Woher kommt das Geld?
Aus welchem Topf das Geld letztlich kommen soll, immerhin sind es jährlich um die 40 Millionen Franken, weiss auch Daniel Felder nicht genau. «Ich könnte mir gut vorstellen, dass dieser neue Produktionssystembeitrag aus den Übergangsbeiträgen oder aus den Versorgungssicherheits- und Ressourceneffizienzbeiträgen entnommen werden könnte», so Felder.
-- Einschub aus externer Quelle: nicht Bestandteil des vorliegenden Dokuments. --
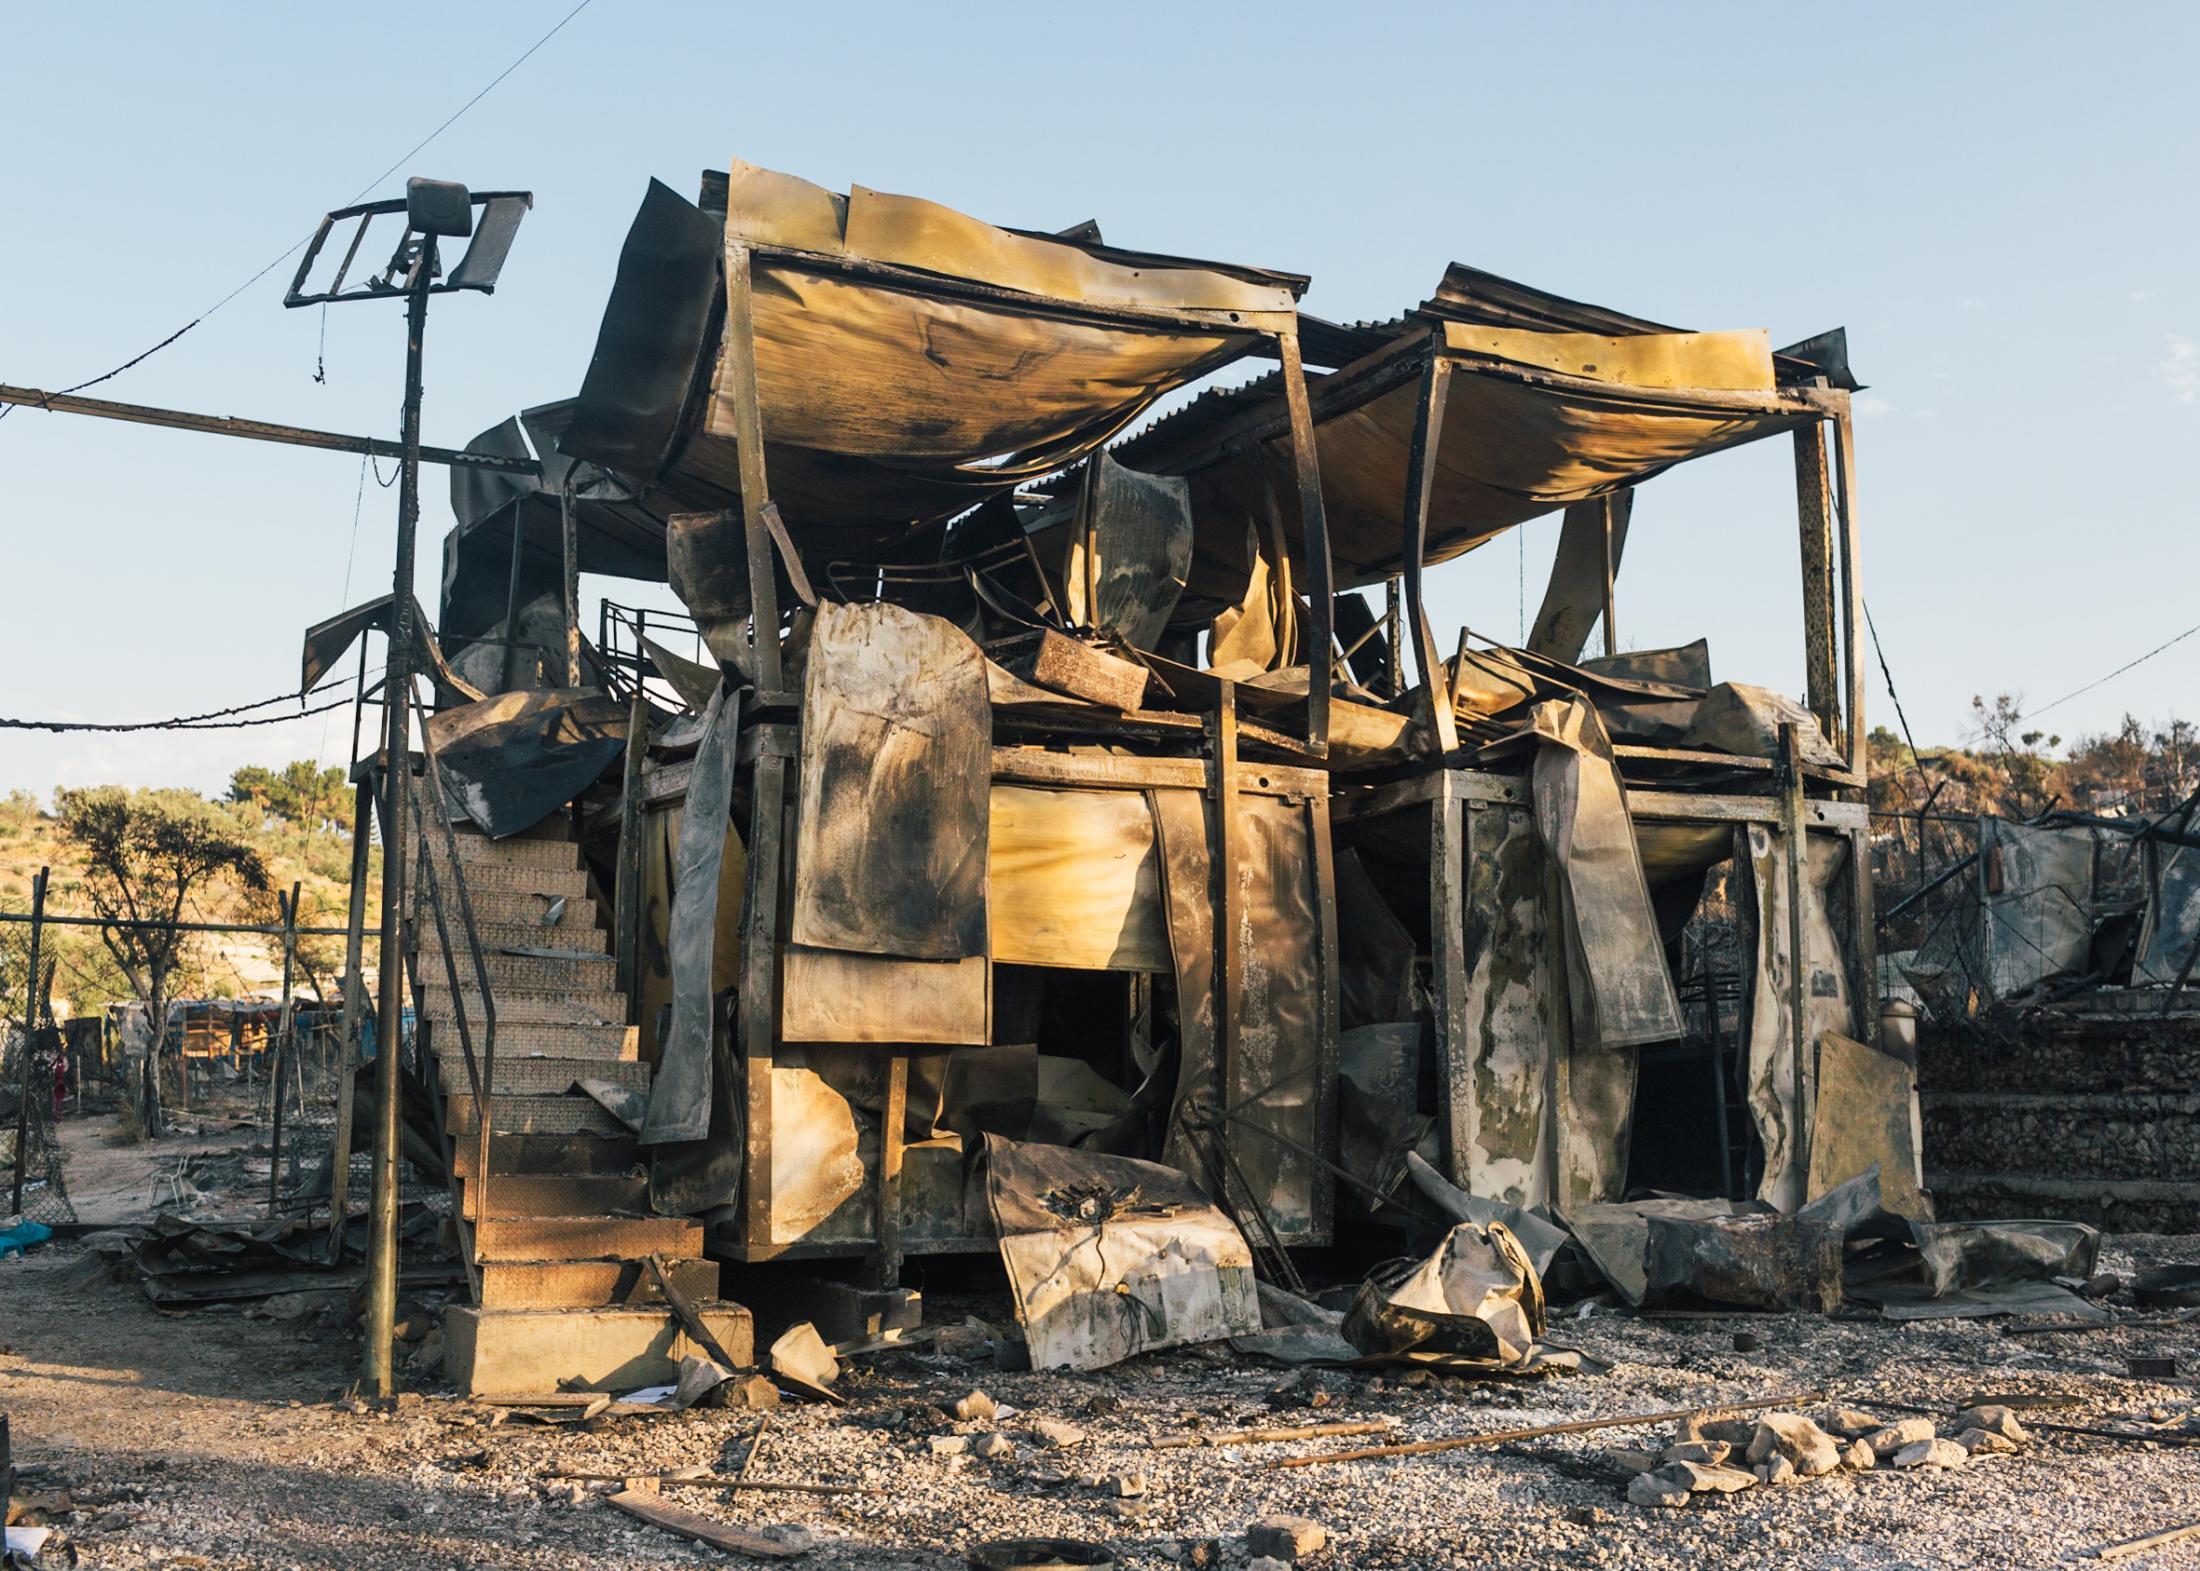 Bei einem Großbrand am 09. September 2020 werden rund 80% des Lagers zerstört.

Aber nicht alle Verbände und Organisationen haben Freude an den Plänen des BLW. Viele stören sich daran, dass der Bund die Direktzahlungen beim Milchvieh an den Abkalbungen festmacht anstatt an ihrer Lebtageleistung (geleistete Milchmenge durch Anzahl Lebtage).
Wird nicht gerecht
«Liest man in den Fachmedien, wird dort immer betont, dass hohe Einzeltierleistungen, bei fach‐ und tiergerechter Haltung mit möglichst viel Raufutter, absolut zielführend hinsichtlich Emissionen und Stoffflüssen seien», hält Thomas Reinhard von den Schweizer Milchproduzenten (SMP) fest. Zudem gebe es auch Forschungsberichte, die darauf hinweisen, dass man bei höheren Milchleistungen die Zwischenkalbezeiten erhöhen soll. «Den Zielen der Tierhaltenden, ‹möglichst effizient Milch und Fleisch zu produzieren›, werden die Pläne des Bundes mit dem Kriterium ‹Anzahl Abkalbungen› nicht gerecht», so Reinhard.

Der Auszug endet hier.